Daniel Decatur Emmett was a composer and minstrel performer from Mount Vernon. He is best known for his work in the traveling minstrel troupe the “Virginia Minstrels” which he formed in New York City in the 1840s. It’s also possible that he wrote the unofficial Confederate anthem “Dixie,” although the origins of the composition are disputed. He later became a fixture in the Chicago theater scene, where he spent most of his life until he returned to Mount Vernon in 1888. For the last 15 years of his life, he was considered a local eccentric, known to many as “Uncle Dan”. Few in Mount Vernon knew about his past as a traveling showman.


The original Dan Emmett House was the entertainer’s purported birthplace and was showcased by the Knox County Historical Society for many years. The house was supposedly built by Emmett’s father in the early 1800s shortly before his birth in 1815, according to librarian and historian Charles Burleigh Galbreath. The house, scheduled to be destroyed in 1954 and once again in 1973, was saved from destruction each time, first by a local doctor, and then by the Mount Vernon Jaycees. It was moved to new locations at N. Gay Street and later next to the renovated railroad depot.

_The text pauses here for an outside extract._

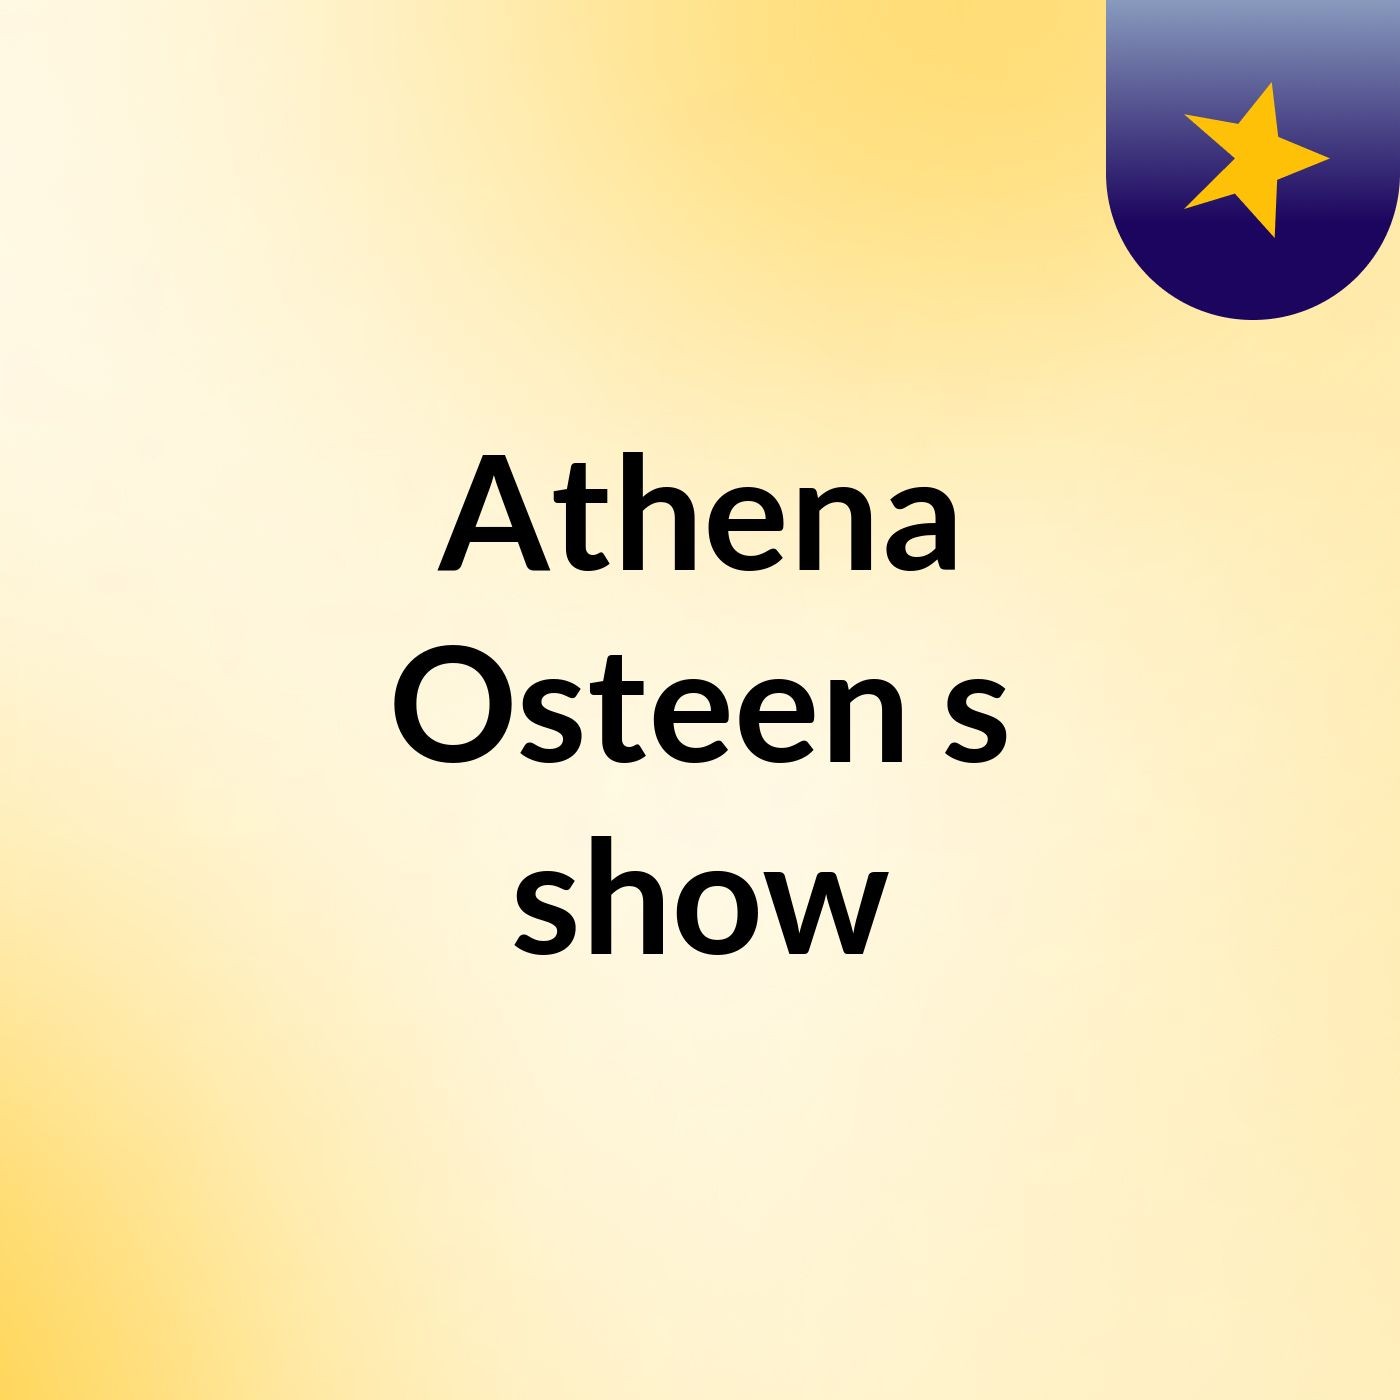 Athena Osteen's show

The house was badly burned in a fire in 2014, and most of the original structure was destroyed. After the fire, a comprehensive appraisal of the history of the house was conducted, which revealed that Emmett had no connection to the house at all. The rumor of the connection between Emmett and the house came from Galbreath’s 1904 biography whose prior scholarship had never been questioned. 


The Historical Society rebuilt the house, no longer representing as the birthplace of the famed entertainer. It imitates the style of the home Emmett lived in during his retirement in Mount Vernon. It is still located near the visitor center of the Ariel Foundation Park.